Core campaign settings influence how personalisation and research behave across all prospects. These include your company name, company website, email theme, personalisation hook, search objective, search terms, and email structure stickiness.

 

Additional email elements control branding, style, and compliance. These include the company’s legal name and description, extra information blocks, call-to-action text and links, email signatures, unsubscribe links, testimonials, words to avoid, banner and footer images, subject line settings (AI-generated or manual), email tone, wordiness level, creativity level, reasoning depth, emoji usage, and date-based greetings or farewells. Each item can be edited independently.

 

Field Connections and What to Review After Editing
Some fields within a Blueprint are connected. When one value is edited, other related fields may need a quick review to ensure the overall message remains consistent. This does not mean anything is removed or reset. It simply helps keep the Blueprint aligned.

 

When editing the company name, it is recommended to review the company website, email theme, personalisation hook, search objective, search terms, company description and extra information, email signature, subject line settings, call-to-action text and link, banner and footer images, testimonials that mention the company name, and the unsubscribe link if it is company-branded.

 

When editing the company website, you should review the company name, email theme, personalisation hook, search objective, search terms, company description and extra information, email signature, subject line settings, call-to-action link, banner and footer images, testimonials, and unsubscribe link. The website often influences research and validation, so alignment is important.

 

When editing the email theme, review the personalisation hook, search objective, search terms, and subject line behaviour. The email theme defines what you are promoting, so connected items should reinforce the same intent.

 

When editing the personalisation hook, review the search objective and search terms. The hook defines how emails are personalised, while the search objective and search terms define what information is retrieved to support that hook.

 

When editing the search objective, review the personalisation hook and search terms. The search objective defines the exact insight needed, so it must remain aligned with both the hook and the search query.

 

When editing the search terms, review the personalisation hook and search objective to ensure the research still supports the intended personalisation.

 

When editing email structure stickiness, review the Email Preview layout and flow. Email structure stickiness controls how closely emails follow the original reference email, and changing it can affect paragraph structure, tone consistency, and overall layout.

 

Using Email Preview Correctly
Email Preview shows how emails appear for real contacts using the current Blueprint settings. It helps validate personalisation quality, tone and clarity, and overall structure and flow. Email Preview updates automatically after changes are saved.

 

Email Preview is not intended for redesigning campaign logic. For major changes, it is best to edit the Blueprint first and then review the results in Email Preview.

 

Troubleshooting Common Issues

  • If emails feel generic, review the personalisation hook, refine the search objective, and adjust search terms to retrieve more relevant sources.
  • If emails feel off-topic, ensure the email theme, personalisation hook, and search objective describe the same intent, and check whether search terms are pulling unrelated pages.
  • If the structure or flow feels inconsistent, adjust email structure stickiness, save the change, and review Email Preview again.

 

Best Practices for Editing
For best results, change one item at a time and review Email Preview after each update. Keep the email theme, personalisation hook, and search objective conceptually aligned, and avoid overfitting search terms to a single company. Use “Words to avoid” to support compliance and brand safety, and remember that all settings can be edited again later.

Managing blueprints

After saving, your new blueprint appears in the Blueprints list. You can create multiple blueprints (for different campaigns, follow-up emails, or split-testing different approaches). Each blueprint shows its default folder, creation date, and description. You can click on the blueprint name to view it, or click the Action icon to view, edit, or delete it.

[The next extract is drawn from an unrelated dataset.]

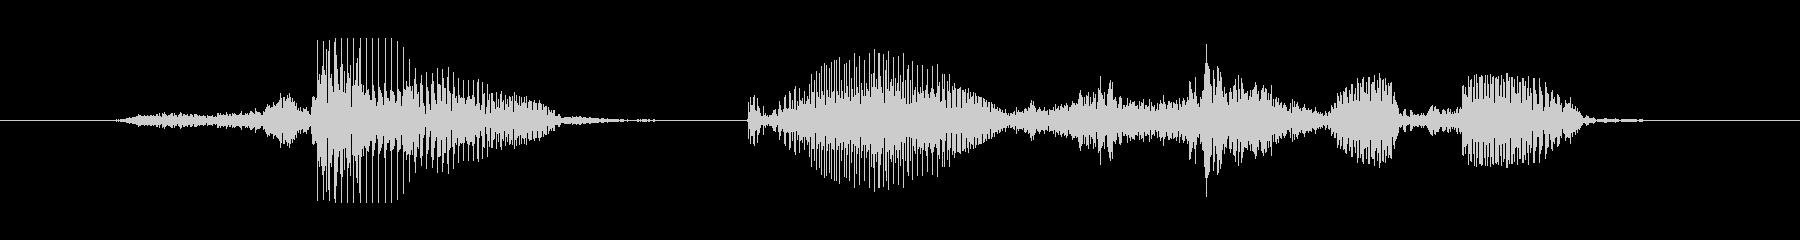 再開する(再会する)の未再生の波形

If you click on Edit, you can change anything already created, and there are many other aspects of the email you can configure. Here’s the current list (with more in the pipeline!):If you click on Edit, you can change anything already created, and there are many other aspects of the email you can configure. Here’s the current list (with more in the pipeline!):

Company Legal Name

The full registered/legal name of your company.

Company Description

A short overview of your company’s products/services to help personalize emails.

Extra Info Block

Static info you want included in every email (optional, e.g. certifications, disclaimers).

Call-to-Action Text

The words shown above your Call-to-Action button (e.g. “Book a Demo”).

Call-to-Action Link

The URL where the Call-to-Action button takes the reader.

Email Signature

The closing block with sender’s name, job title, company details, and contact info.

Unsubscribe Link

The link for recipients to opt-out of emails (mandatory in most campaigns).

Testimonial(s)

Quotes or feedback from happy clients to add credibility.

Words to Avoid

Terms you don’t want used in your emails (e.g. competitors’ names, jargon).

Banner Image

URL of the banner image shown at the top of the email.

Footer Image

URL of the image shown at the bottom of the email.

AI-Generated Subject Line

Yes/No option for whether the subject line should be generated by AI.

Manual Subject Line

Custom subject line you write yourself, can include placeholders like recipient name.

Email Tone

The overall feel of the email (e.g. friendly, professional, persuasive).

Wordiness Level

How verbose the email should be (low, medium, or high).

Creativity Level

How creative the writing style should be (low = straightforward, high = imaginative).

Reasoning Depth

How detailed/analytical the email logic should be (low, medium, high).

Date Greeting

Adds a greeting linked to delivery day/holiday (e.g. “I hope you had a good weekend”).

Date Farewell

Adds a goodbye linked to delivery day/holiday (e.g. “Enjoy your weekend”, “Have a great Labor Day”).

Emoji Use

How many emojis to include (none, minimal, few, many).

Unsubscribe Block

What the Unsubscribe Block Is
The Unsubscribe Block is the final section of an email that gives recipients a clear and respectful way to opt out of future communication. It usually appears at the very bottom of the email, after the main content, signature, and any footer elements.
This block is not just a compliance requirement. It is also an important trust signal. A clear unsubscribe option reassures recipients that the communication is legitimate, transparent, and respectful of their preferences.

 

Why the Unsubscribe Block Is Important
The Unsubscribe Block serves several key purposes:

 

  • Compliance and best practice
    Most email regulations and industry standards expect a clear opt-out option. Including one helps reduce the risk of complaints or spam reports.
  • Trust and credibility
    When recipients see a clear unsubscribe option, they are more likely to trust the sender. It signals that the email is part of a responsible outreach process, not spam.
  • Better deliverability
    Giving recipients a proper way to unsubscribe reduces the chance they will mark emails as spam, which helps protect long-term email deliverability.
  • User control
    It puts control in the recipient’s hands, which improves overall engagement quality, even among those who stay subscribed.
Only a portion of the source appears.